### Required action
In the material below, pictures must be dropped. Repeat exactly, and only, the lines from the line with "3 bed terraced" to the line with "Are Expensive School", both ends included.
---------- Records ----------
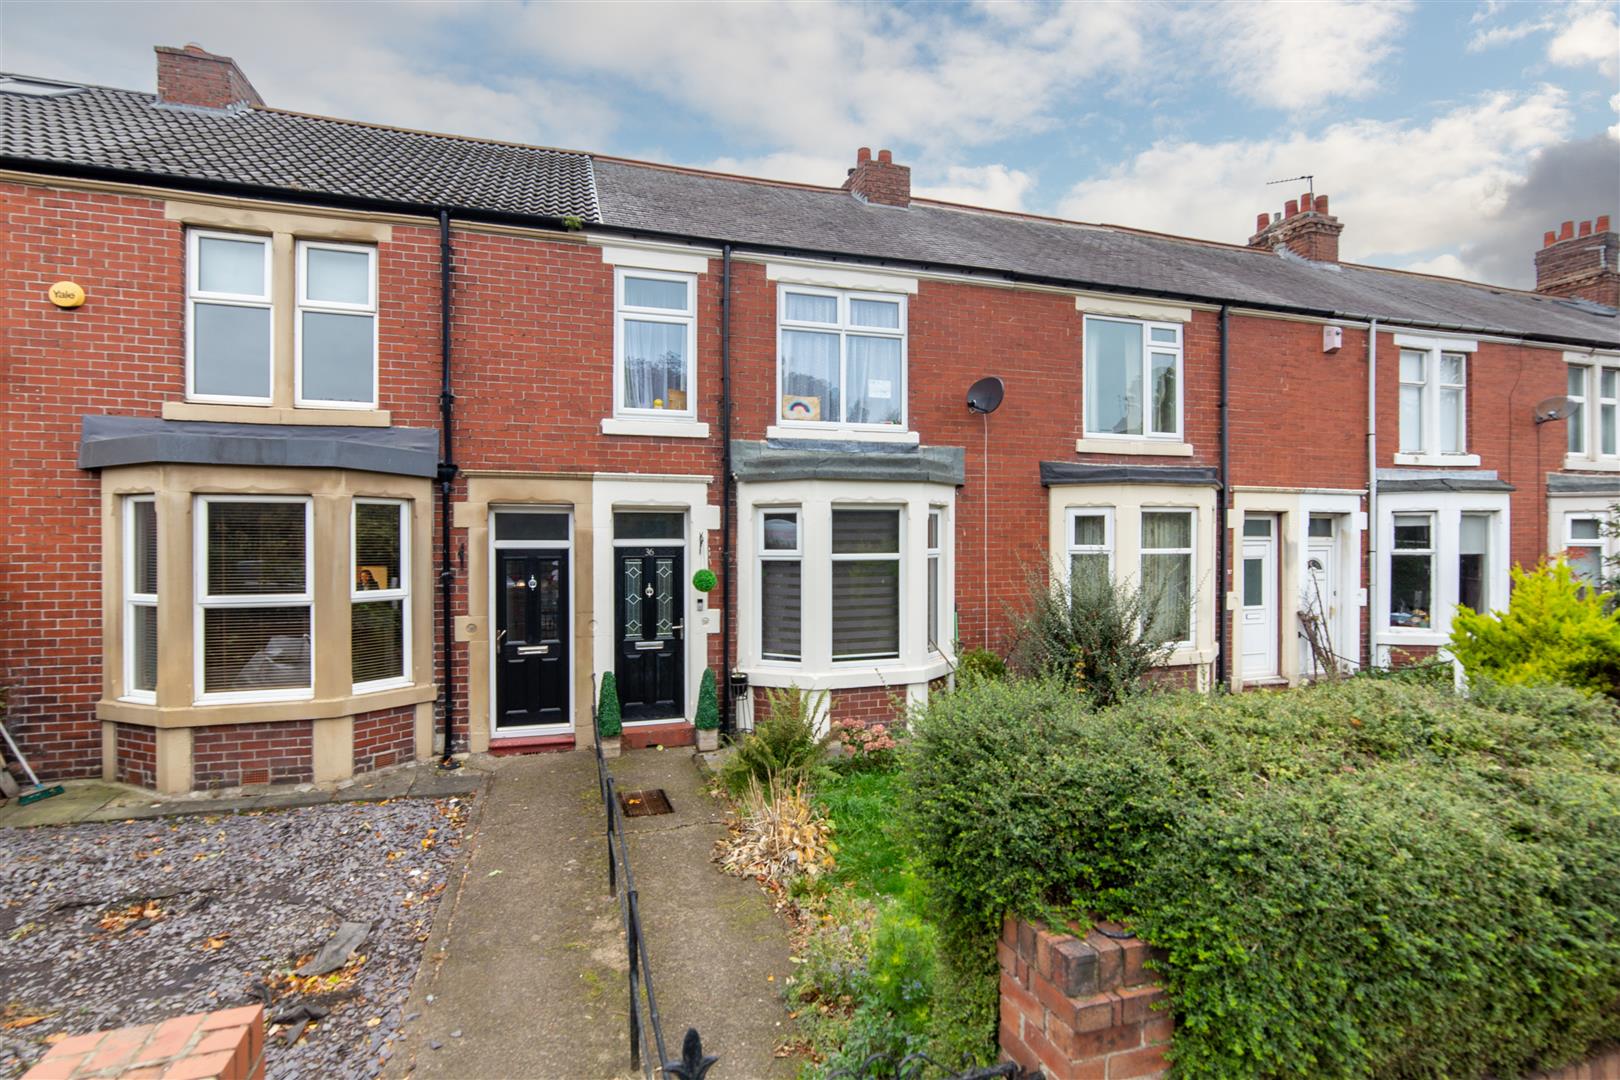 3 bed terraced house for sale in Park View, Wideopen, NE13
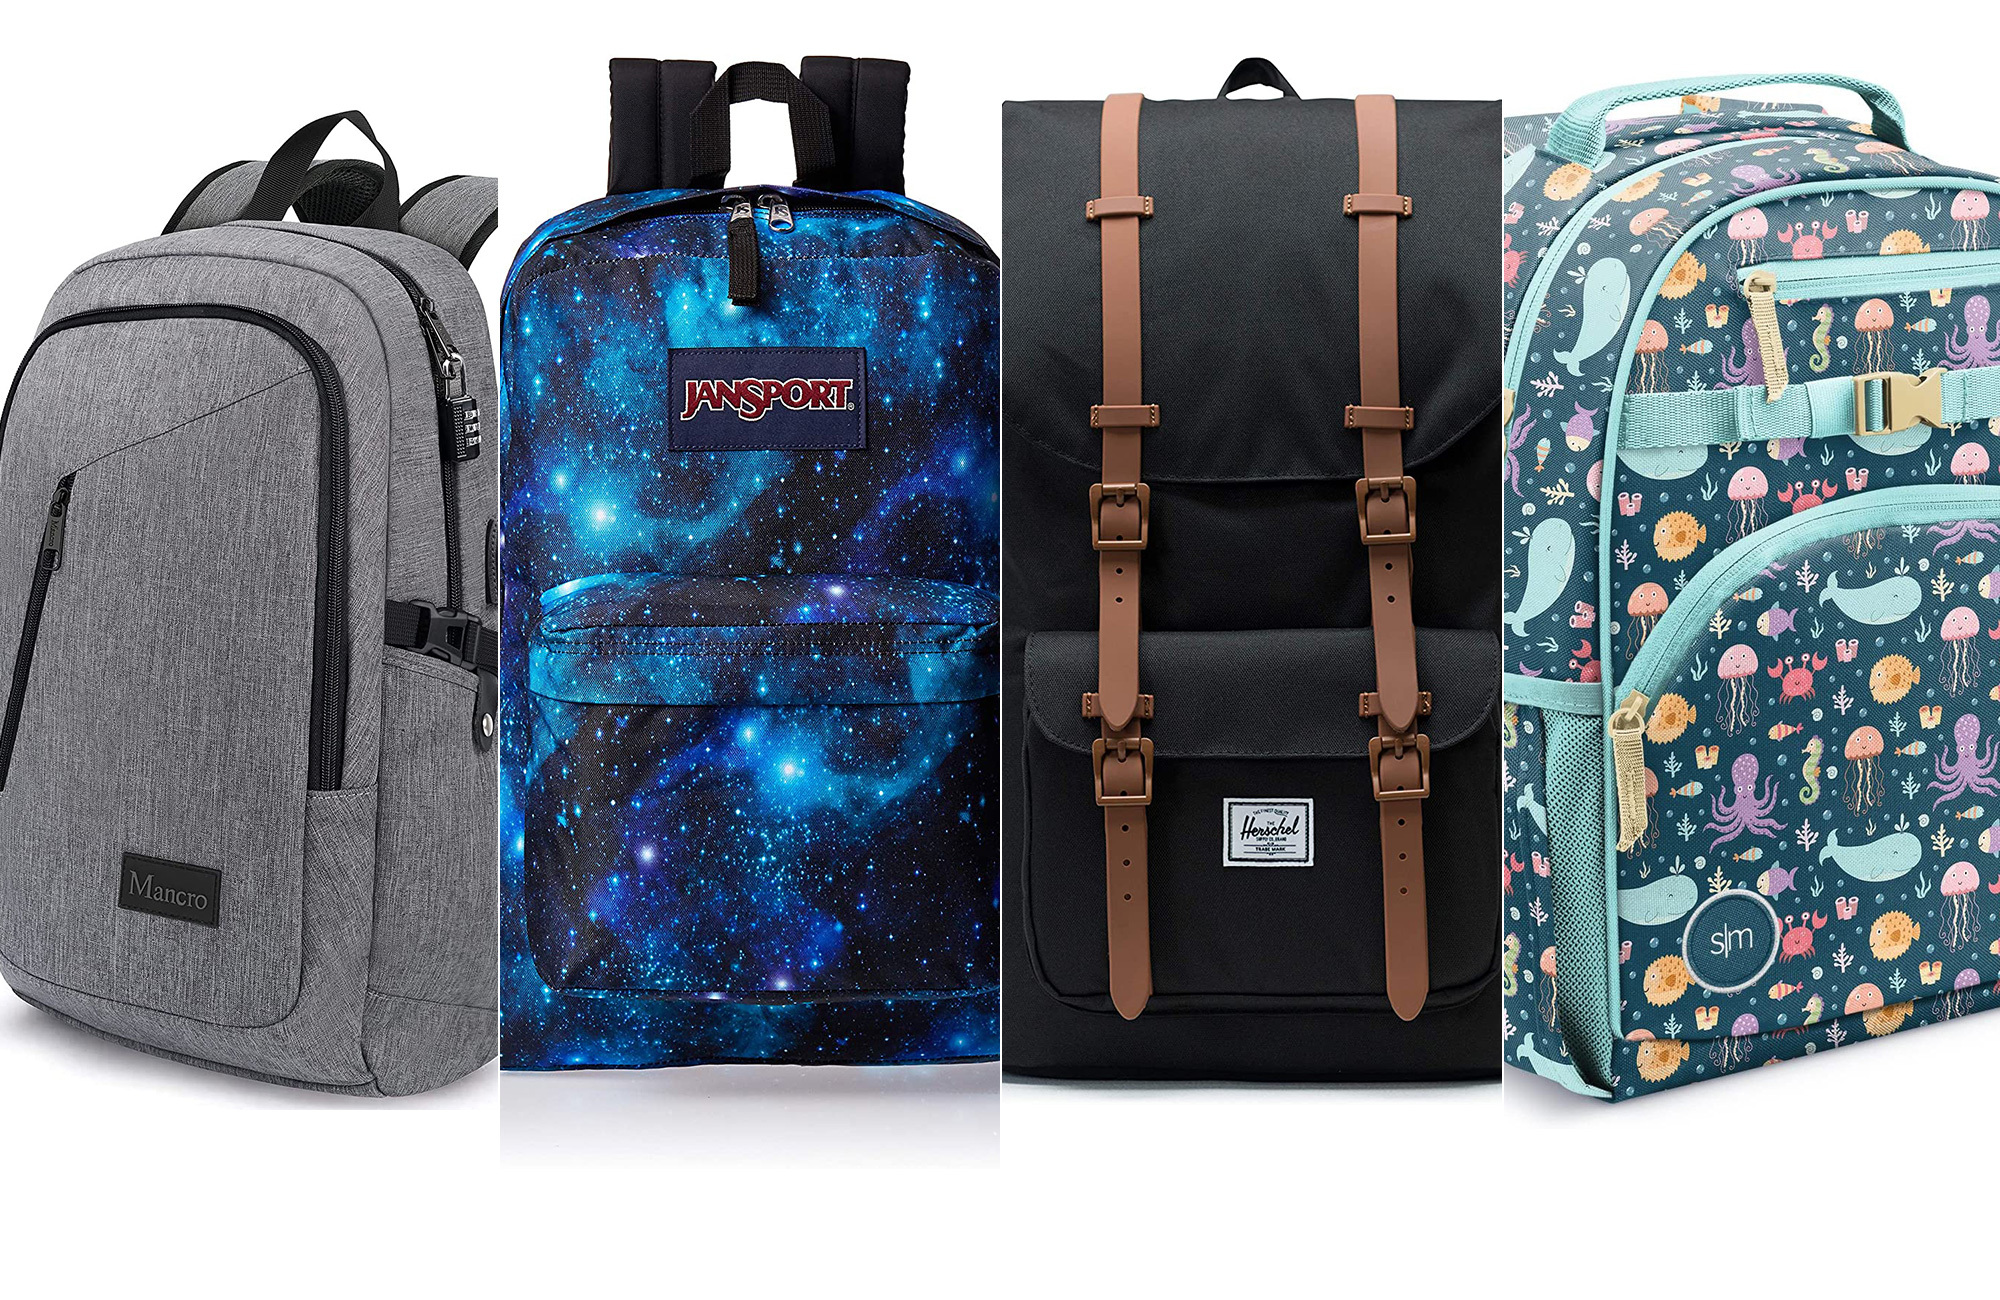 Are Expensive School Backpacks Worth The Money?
----------
---------- Records ----------
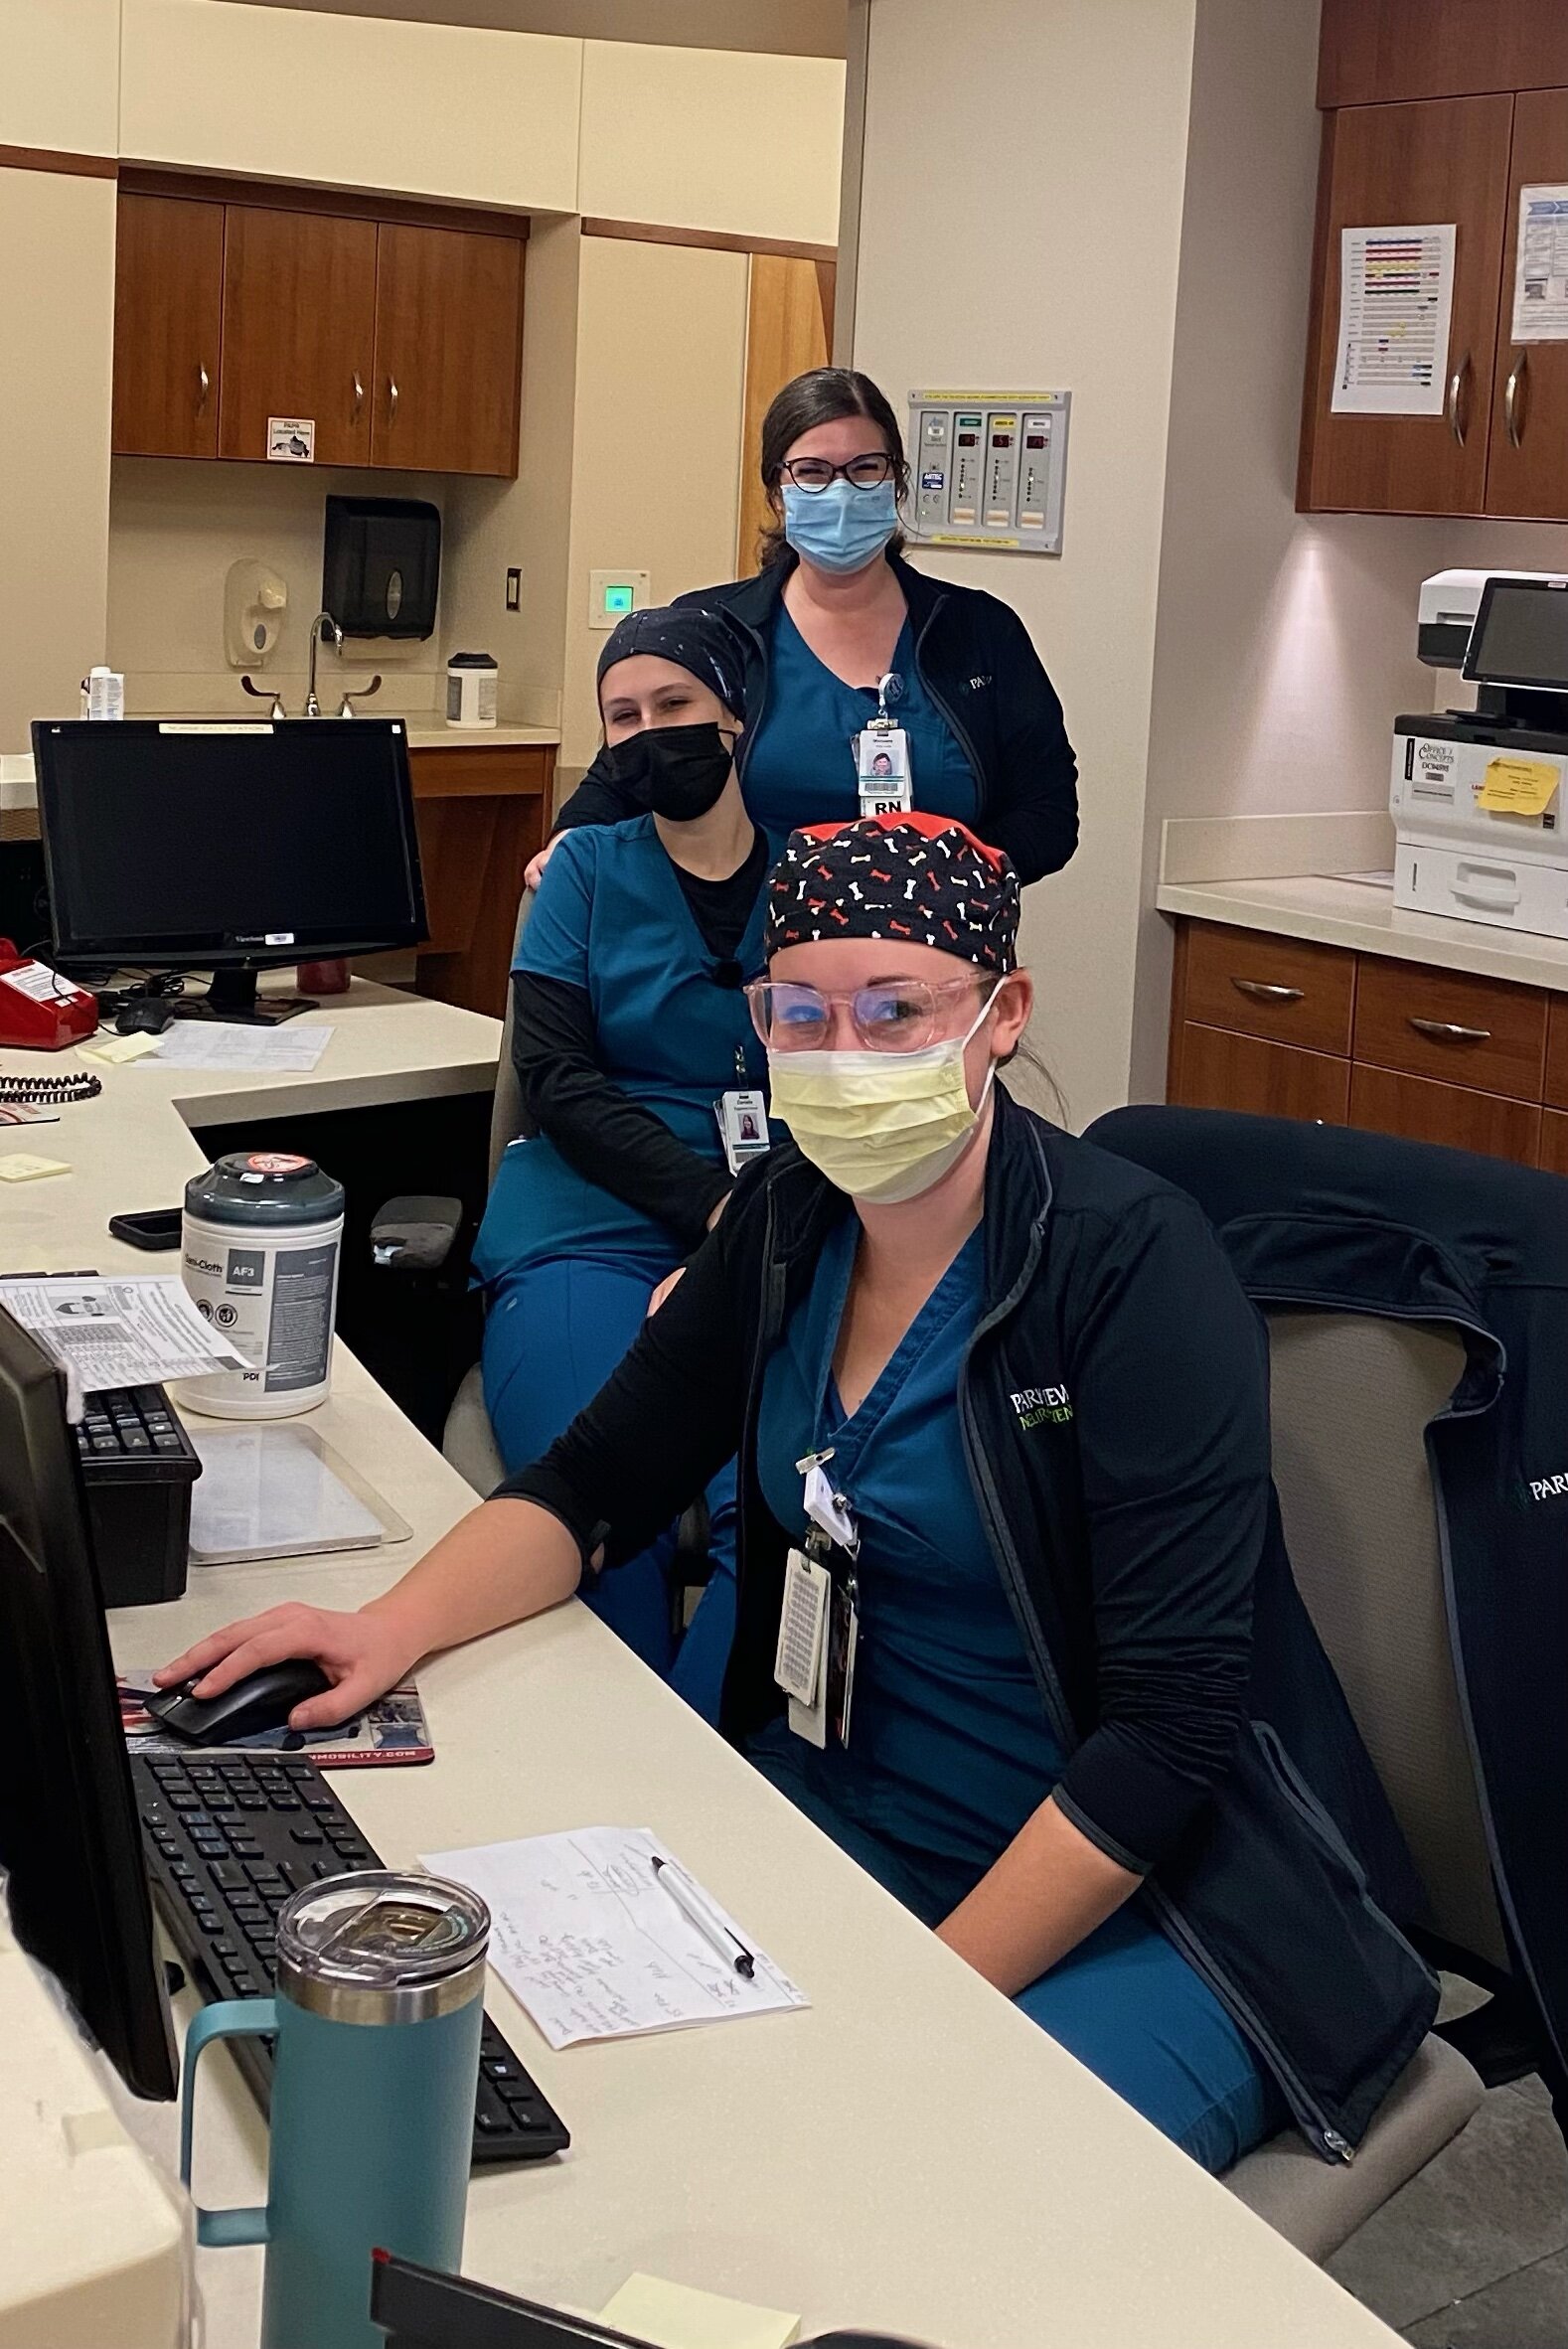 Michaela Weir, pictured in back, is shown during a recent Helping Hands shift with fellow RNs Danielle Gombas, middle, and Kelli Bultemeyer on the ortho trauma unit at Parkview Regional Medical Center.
----------
---------- Records ----------
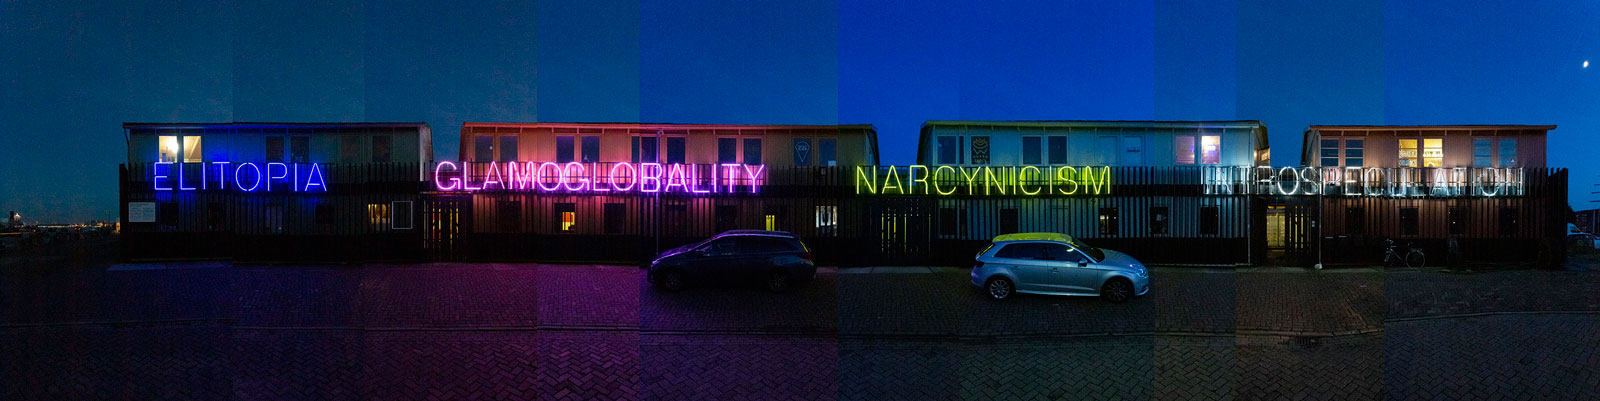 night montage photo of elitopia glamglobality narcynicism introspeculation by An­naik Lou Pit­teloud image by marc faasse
----------
### Response for this exercise
 3 bed terraced house for sale in Park View, Wideopen, NE13
 Are Expensive School Backpacks Worth The Money?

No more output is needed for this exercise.